6. CDN or proxy layers strip headers
If you deploy behind a reverse proxy, make sure Set-Cookie headers are forwarded unchanged. This is less common than the middleware issue, but it can look identical from the browser side.
FAQ
Can I ever set cookies in Next.js middleware?
Yes, but it is best for simple scenarios where Next.js middleware cookie handling is sufficient. For persistent authenticated sessions with libraries like iron-session, writing cookies in a route handler or API route is much more reliable.
Why does Next.js use x-middleware-set-cookie at all?

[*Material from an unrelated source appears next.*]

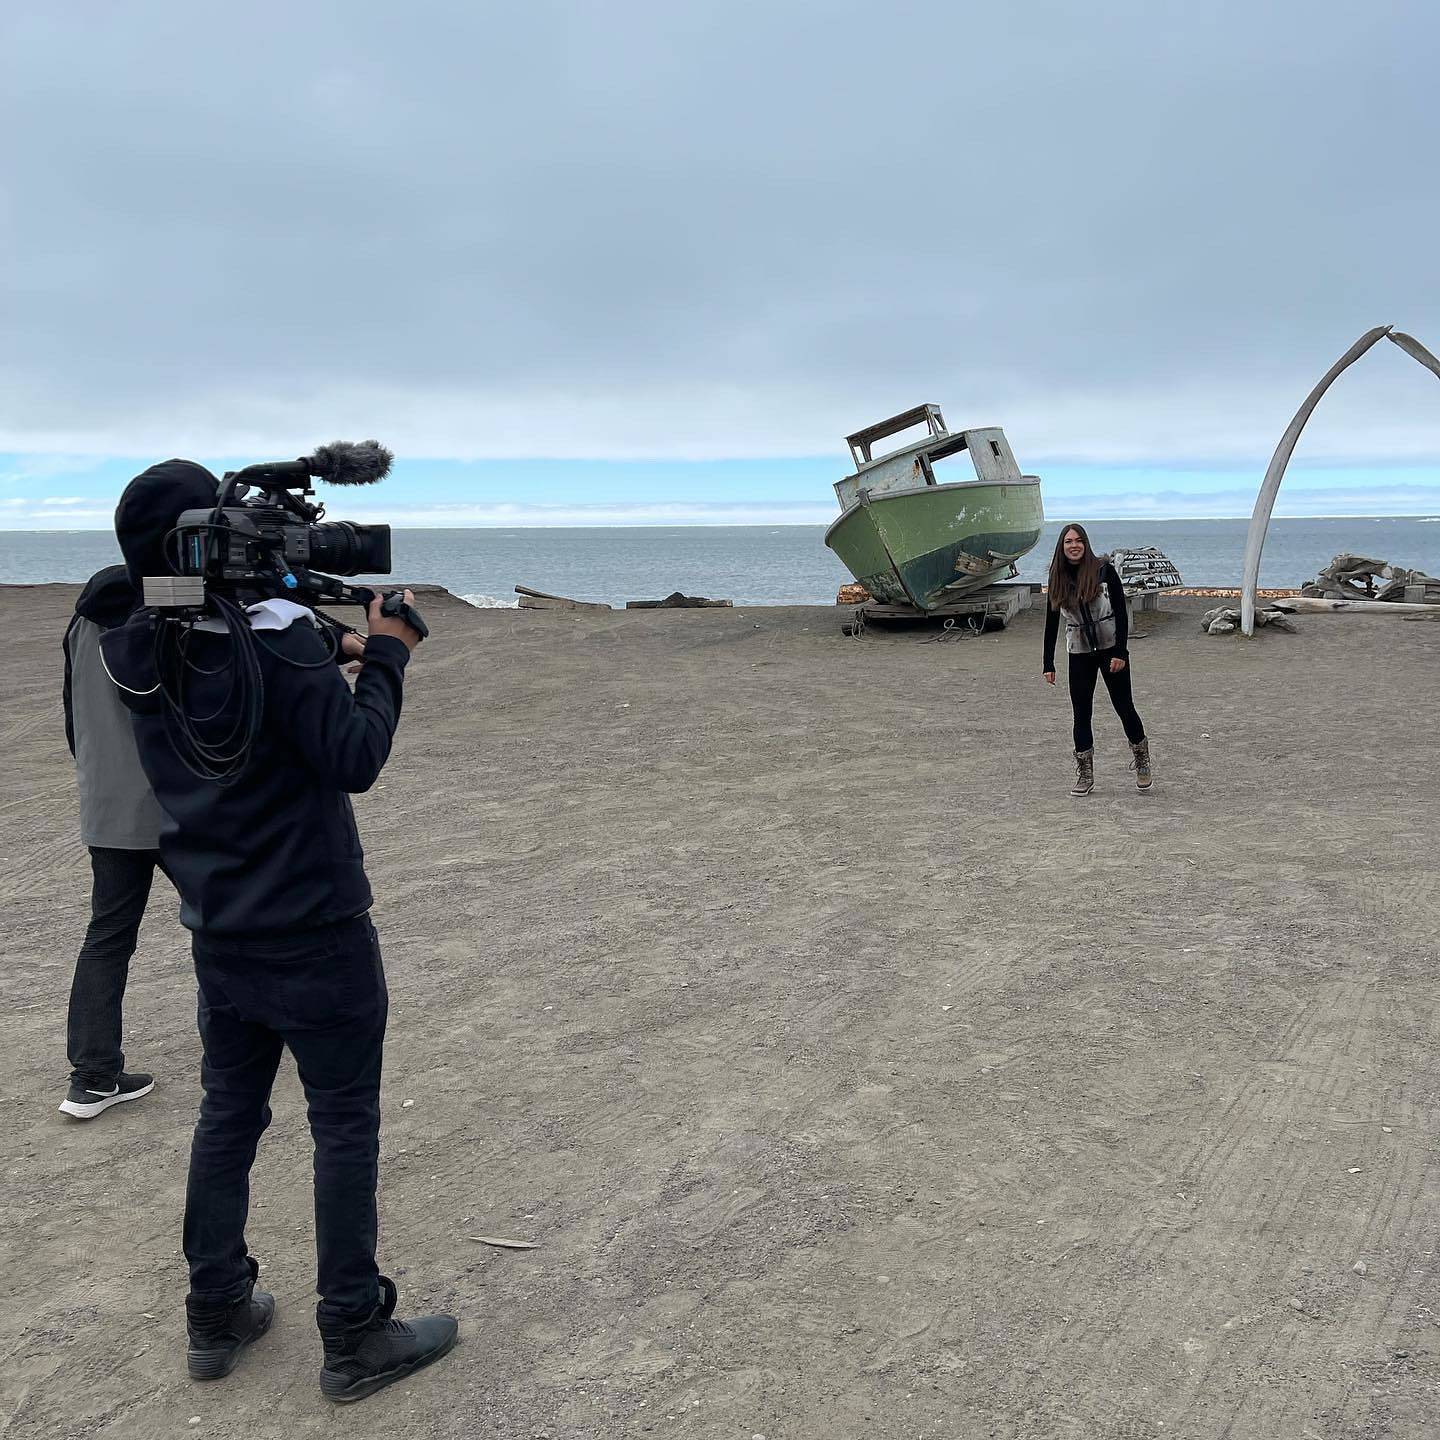 Alyssa London and her team, shown here shooting a trailer in Utqiagvik, are working to produce Culture Story, which will showcase modern Alaska Native cultures across and outside of Alaska. (Courtesy photo / Culture Story)

Because middleware runs in a specialized pipeline where Next.js may carry response mutations internally before finalizing the outgoing response. That internal transport is not always equivalent to a standard browser-facing Set-Cookie flow for every integration.
What is the best long-term fix for this issue?
The best fix is architectural: use middleware to read and gate requests, and use route handlers, API routes, or server-side auth endpoints to write session cookies. That aligns your app with standard HTTP behavior and avoids fragile middleware-specific cookie semantics.
If you are reproducing this issue with the sample repository linked in the GitHub report, the practical resolution is to refactor session persistence out of middleware, verify that the final response includes Set-Cookie, and keep middleware limited to redirects, rewrites, and lightweight cookie reads.